Whether certain evidence was similar fact evidence and should be admissible


This is a clinical negligence case. The claimant sought to adduce evidence of (amongst other  things) the doctor’s  alleged incompetence in other cases. The Court of Appeal noted that  traditionally only “similar fact” evidence which is relevant is admissible. In criminal  proceedings, the law now provides that (broadly) evidence of a defendant’s propensity to commit  offences of the kind with which he is charged will be admissible if that makes it more likely that  he is guilty of an offence. The claimant sought to argue that a similar principle should apply in  civil proceedings too and formulated the proposition that “evidence of systemic failure of various  types of incompetence is admissible in professional negligence  cases as enabling a judge to make  inferences of negligence in  a particular case.”

The Court of Appeal rejected that proposition and also held that the criminal law position did not  apply in civil proceedings.

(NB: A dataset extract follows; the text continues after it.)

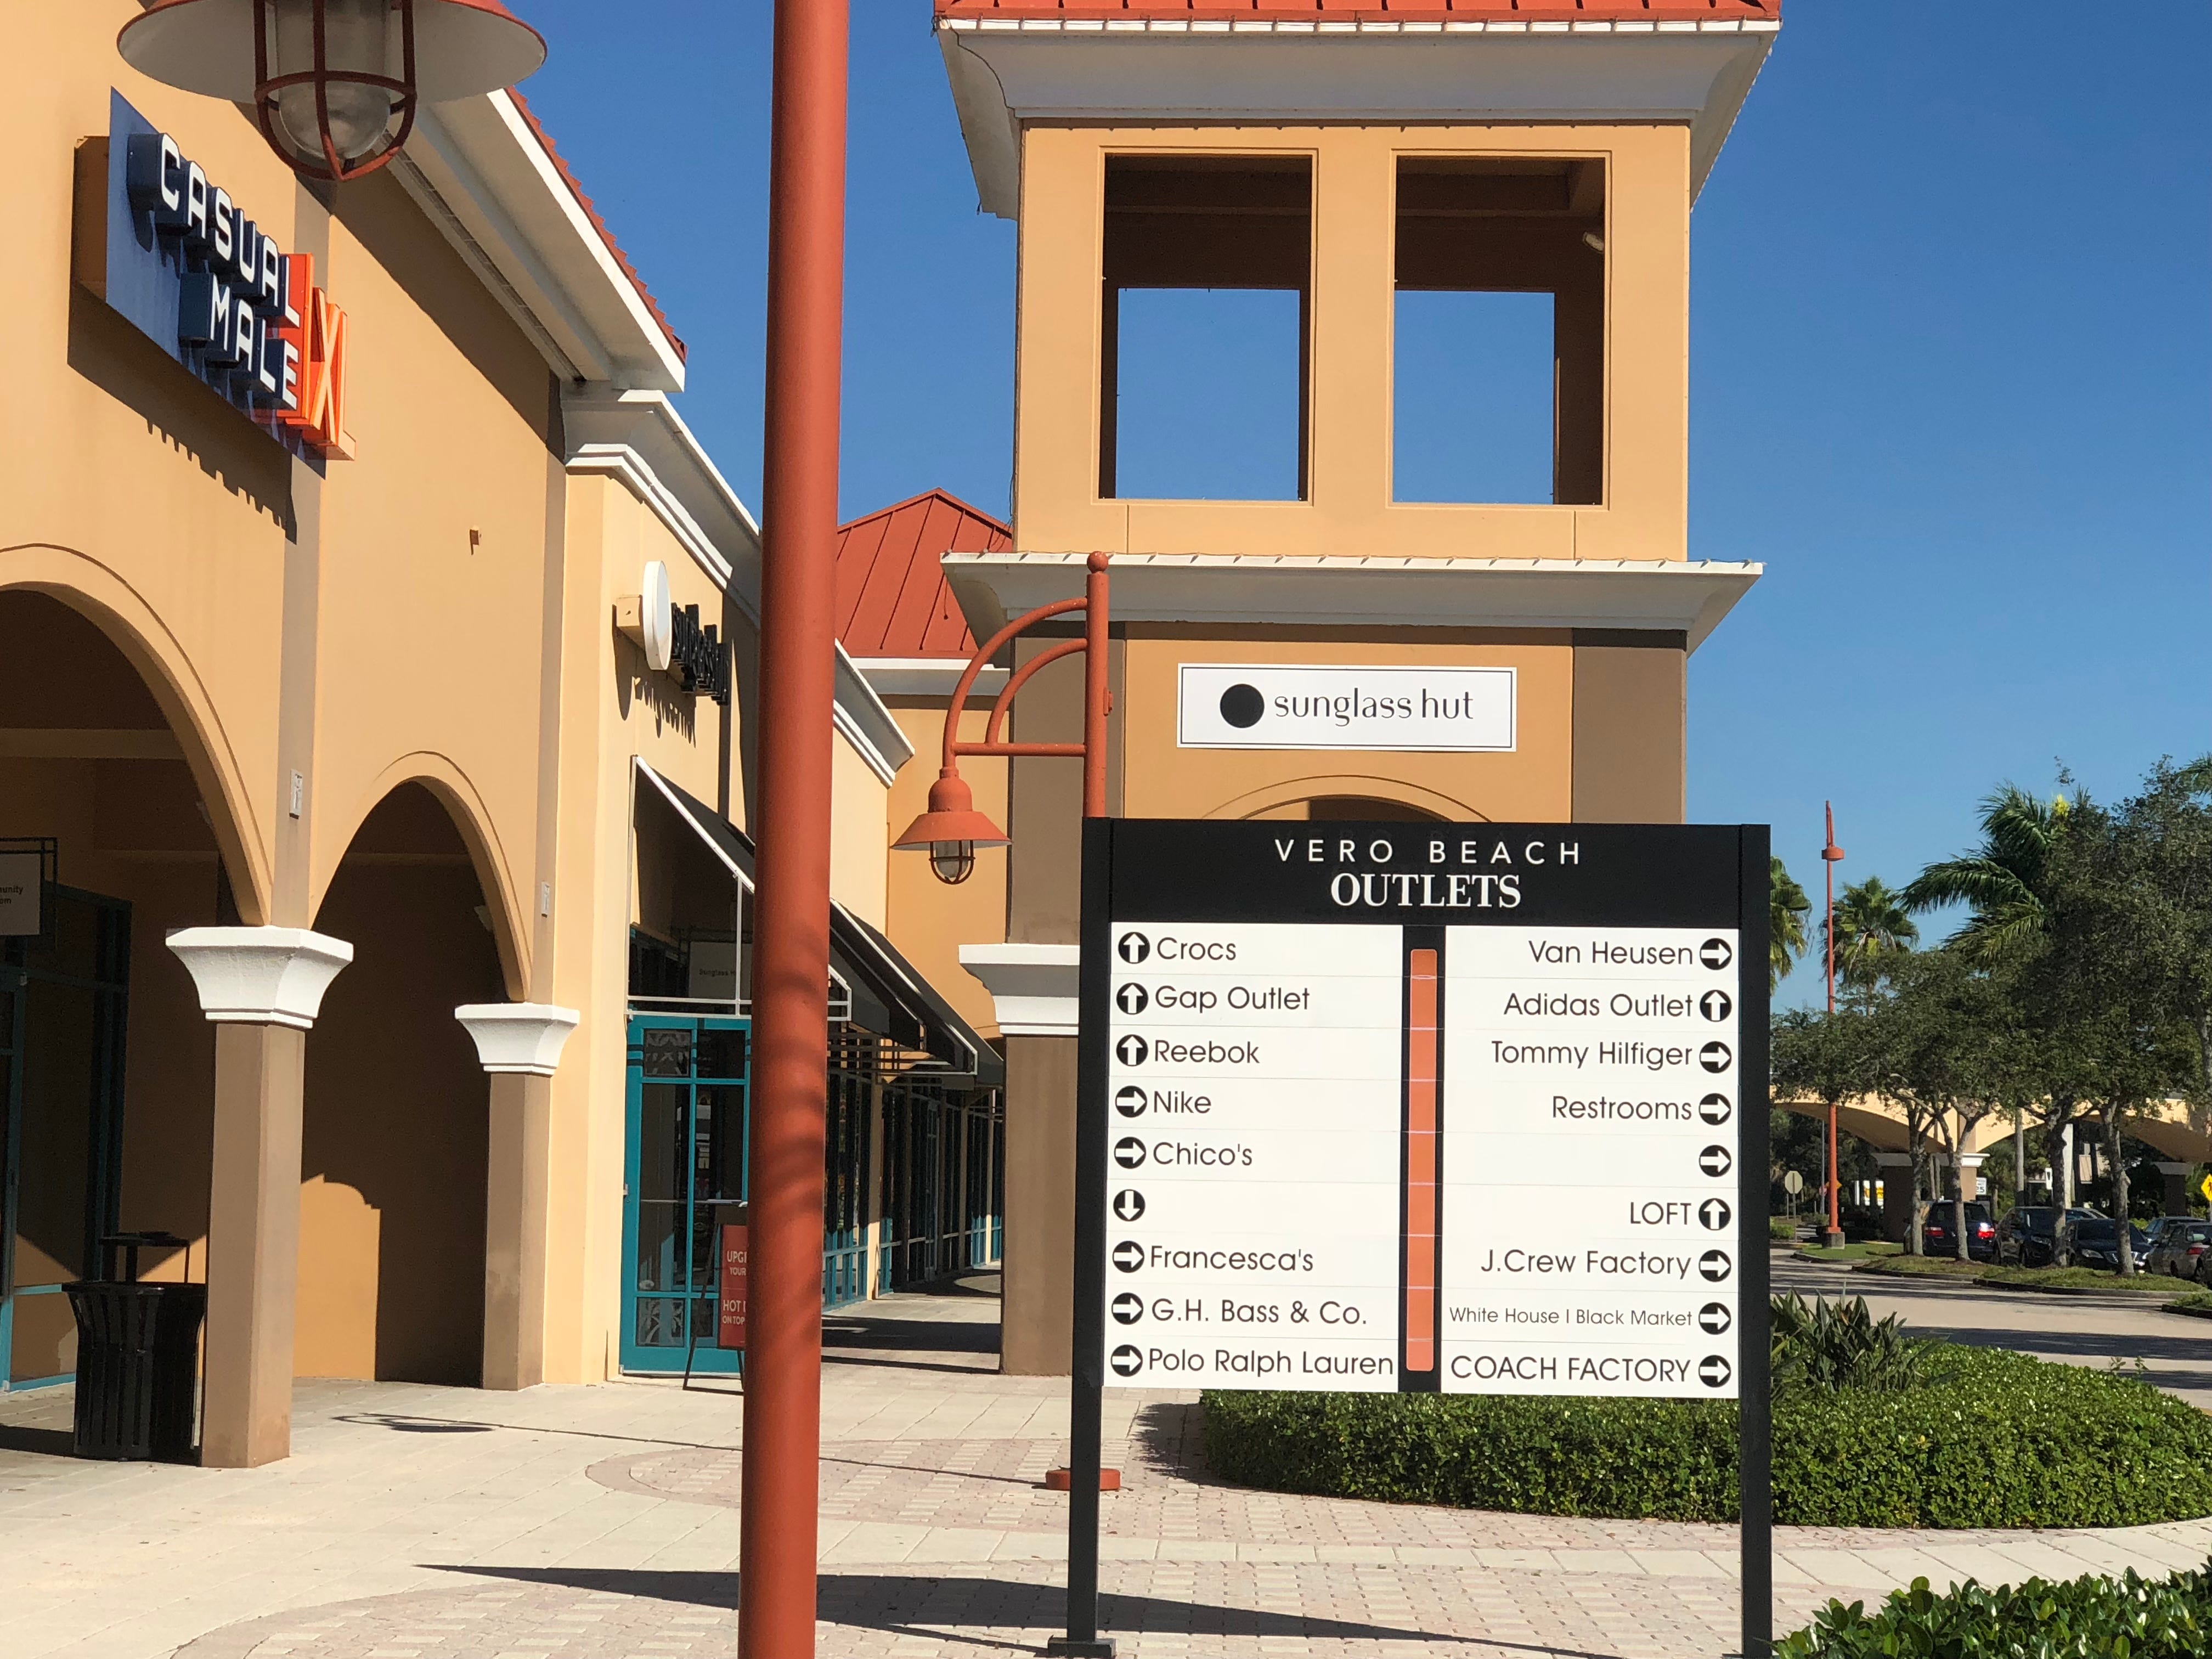 restaurants coming to Vero Beach Outlets

Longmore LJ opined that evidence of extraneous matters should be confined to cases of  similar fact (because other matters will not prove the issue to be determined) and, in any event,  the trial judge has a discretion to decide whether it should actually be adduced at trial. He did,  however, acknowledge that it can be difficult to ascertain whether evidence is similar fact  evidence. In any event, on the facts of the case, other complaints by patients were not similar  fact evidence: 6 other complaints involved operations on other parts of the body and the remaining  complaint related to alleged insufficient discussion with a patient, which was a very different type of complaint.